Training - Evolved Packet Core


Not only does 3GPP define a completely new air interface referred to as Evolved UMTS Terrestrial Radio Access Network (E-UTRAN) but also an Evolved Packet Core (EPC) as part of the System Architecture Evolution. The latter represents the framework for an evolution or migration of the 3GPP system to a higher-data rate, lower-latency, packet-optimized system that supports multiple radio access technologies (RATs). It is based on a flat, simplified all IP-based architecture with a reduced number of network entities, a new Quality of Service concept, and the support of seamless mobility between heterogeneous access networks. 3GPP has completed the standardization and first EPC networks are already in operation.


This training course will provide participants with a detailed understanding of the general EPC architecture and protocols that form part of the latest version of 3GPP specifications.
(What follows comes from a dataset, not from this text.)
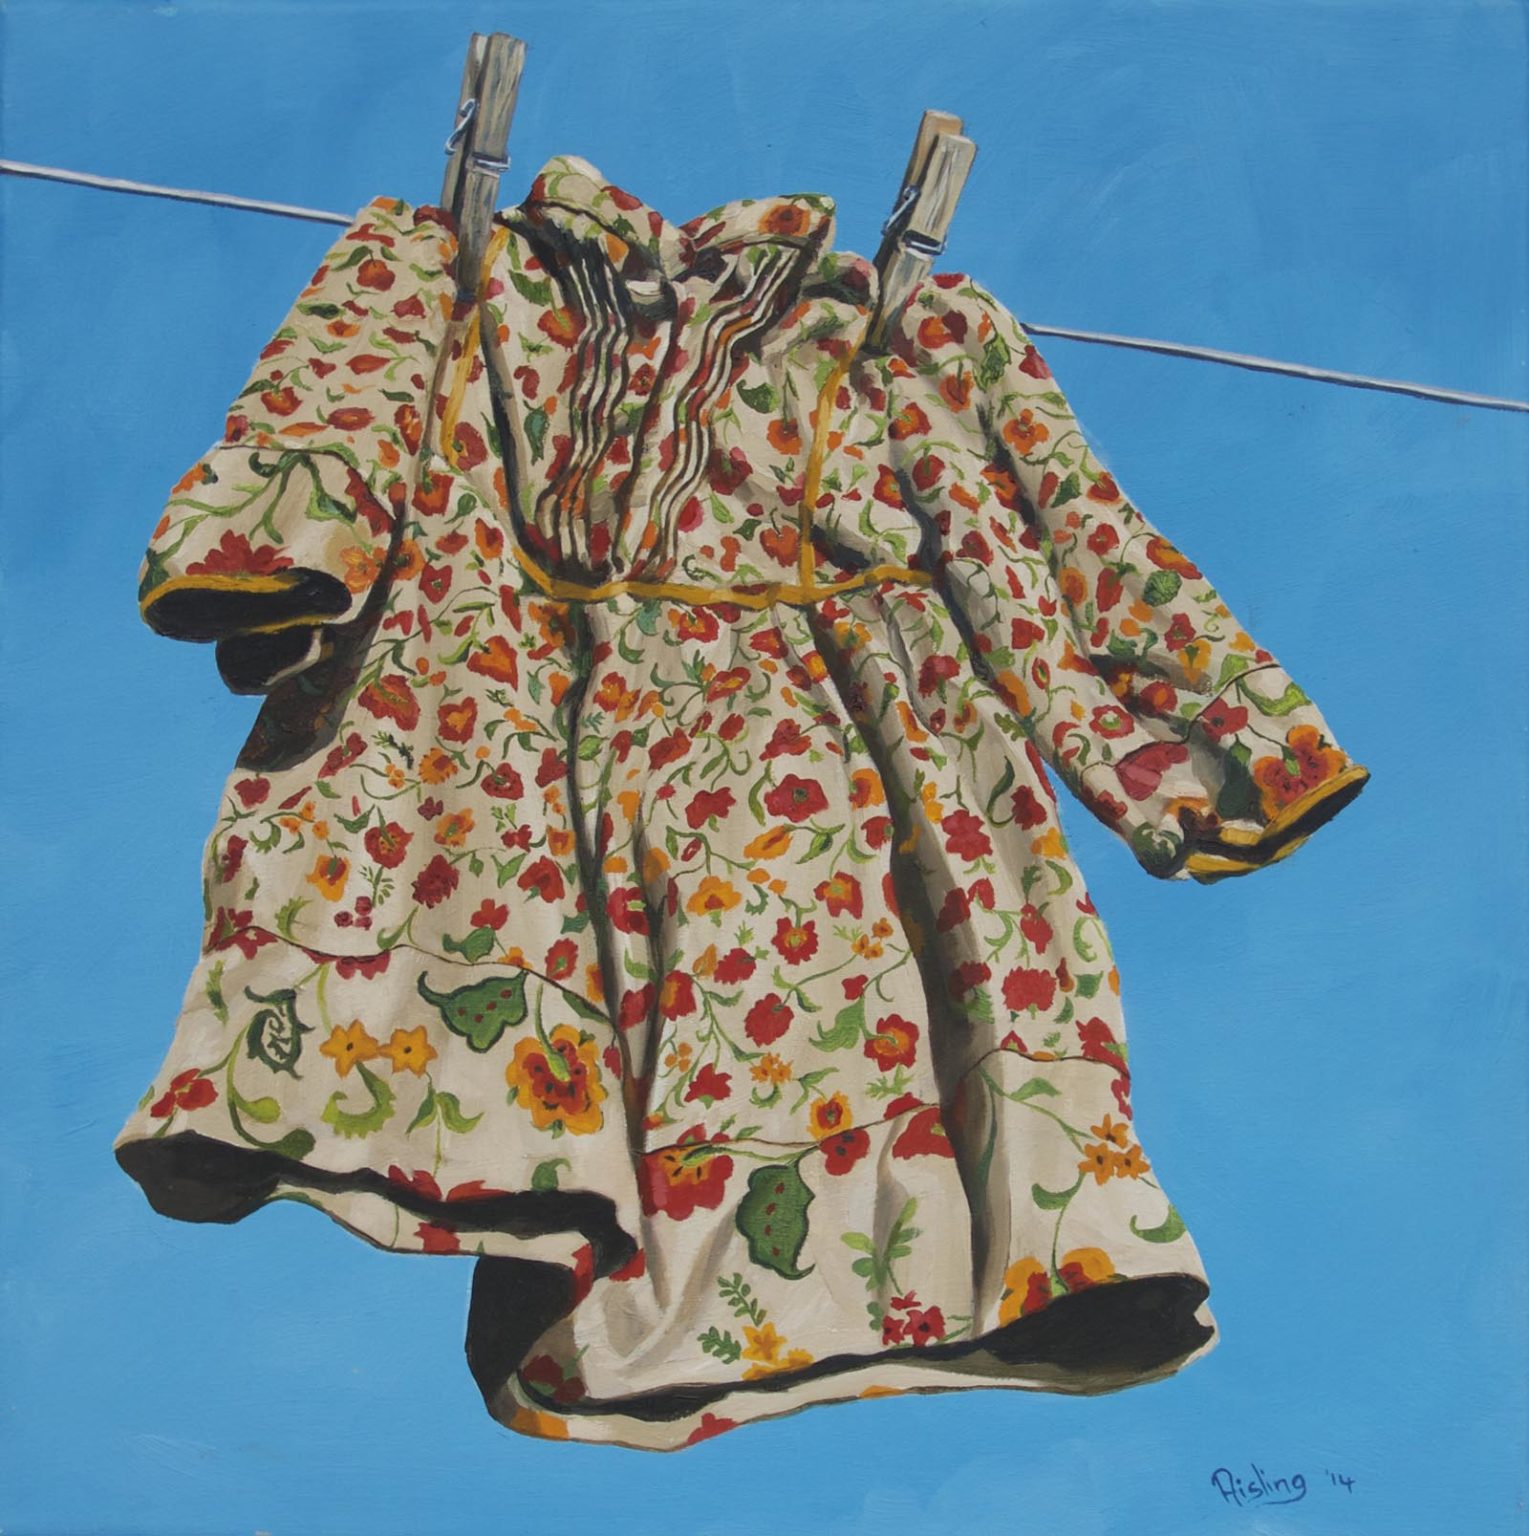 Sinéad’s dress | Oil on canvas, 30cm x 30cm

In detail, the course covers the architectural layout and the newly-defined network nodes in the Evolved Packet Core (EPC) network. All relevant interfaces between these nodes and the Enhanced UMTS Terrestrial Radio Access Network (E-UTRAN) as well as the underlying protocol stack will be explained. A special focus will be on Non-Access Stratum (NAS) signaling between User Equipment (UE) in the E-UTRAN and EPC network, as well as on the overall Quality-of-Service (QoS) concept. Moreover, authentication, addressing, security and location management within the service area will be treated. One final aspect will be coupling of the EPC network with previously standardized 3GPP radio access networks (e.g. the UTRAN) and other potential non-3GPP IP-based access networks (e.g. WiMAX).
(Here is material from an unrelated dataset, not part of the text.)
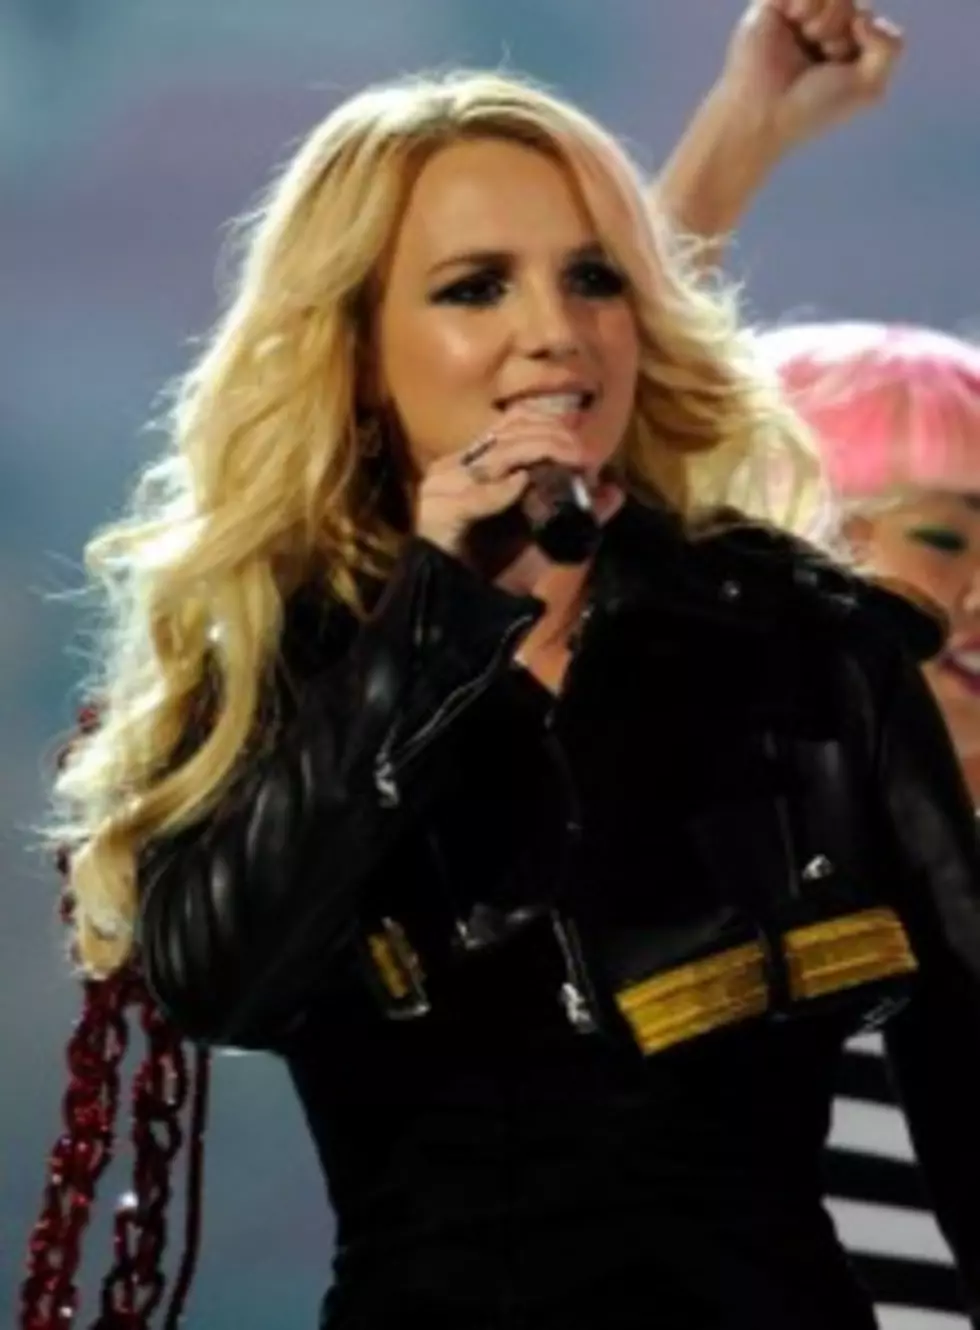 Britney Spears Kicks-Off “Femme Fatale” World Tour

Day1 – Evolved Packet Core architecture and entities

Introduction to Evolved Packet Core
•    Recapitulating existing 3GPP GPRS Core network architecture
•    Overview of the new 3GPP Evolved Packet Core (EPC) network architecture
•    Possible coupling of EPC with various IP-based (radio) access networks
•    Extending to roaming case

Voice over IP and IMS Service Architecture
•    Recapitulating TCP/IP protocol suite and DiffServ
•    Circuit and packet switched voice
•    IMS architecture and nodes
•    IMS protocols: SIP, SDP, RTP and RTCP

Mobility Management within SAE
•    Functionality of Mobility Management Entity (MME) node
•    Mobility Management (MM) and Session Management (SM)  
•    S1-MME interface with E-UTRAN and corresponding protocol stack  
•    S11 interface with gateway and corresponding protocol stack
•    EPS Security Management

Gateway Functionality within SAE
•    Functionality of Serving Gateway (S-GW) node
•    S1-U interface with E-UTRAN and the corresponding protocol stack
•    Functionality of Packet Data Network Gateway (P-GW) node
•    S5/S8 interface with S-GW and the corresponding protocol stack
•    IP address allocation issues
•    SGi interface with external IP-based network

Information Storage and Addressing within SAE
•    Context stored inside MME, S-GW, P-GW, and HSS node
•    Hierarchical network node and UE addressing scheme

Day2 – QoS and EPC Procedures as well as multi-radio access

QoS Concept within SAE
•    SAE QoS concept and bearer level parameters
•    Functionality of Policy Control and Charging Rules Function (PCRF) node
•    S7 interface with S-GW and P-GW

Selected NAS Signalling Procedures  
•    Initial Attach
•    Tracking Area Update
•    Service Request
•    S1 Release and Detach
•    Session Management and QoS
•    Intra E-UTRAN Handover

Coupling of EPC Network with GPRS Core Network
•    S3 interface between MME and SGSN and the corresponding protocol stack
•    S4 interface between S-GW and SGSG and the corresponding protocol stack
•    S12-interface for direct tunnel between S-GW and UTRAN and corresponding protocol stack
•    Selected NAS signalling: Routing Area Update, E-UTRAN to UTRAN handover

Brief Overview: Coupling of EPC Network with Trusted non-3GPP Access Network (e.g. WiMAX)
•    S2a interface and the corresponding protocol stack
•    S2c interface and the corresponding protocol stack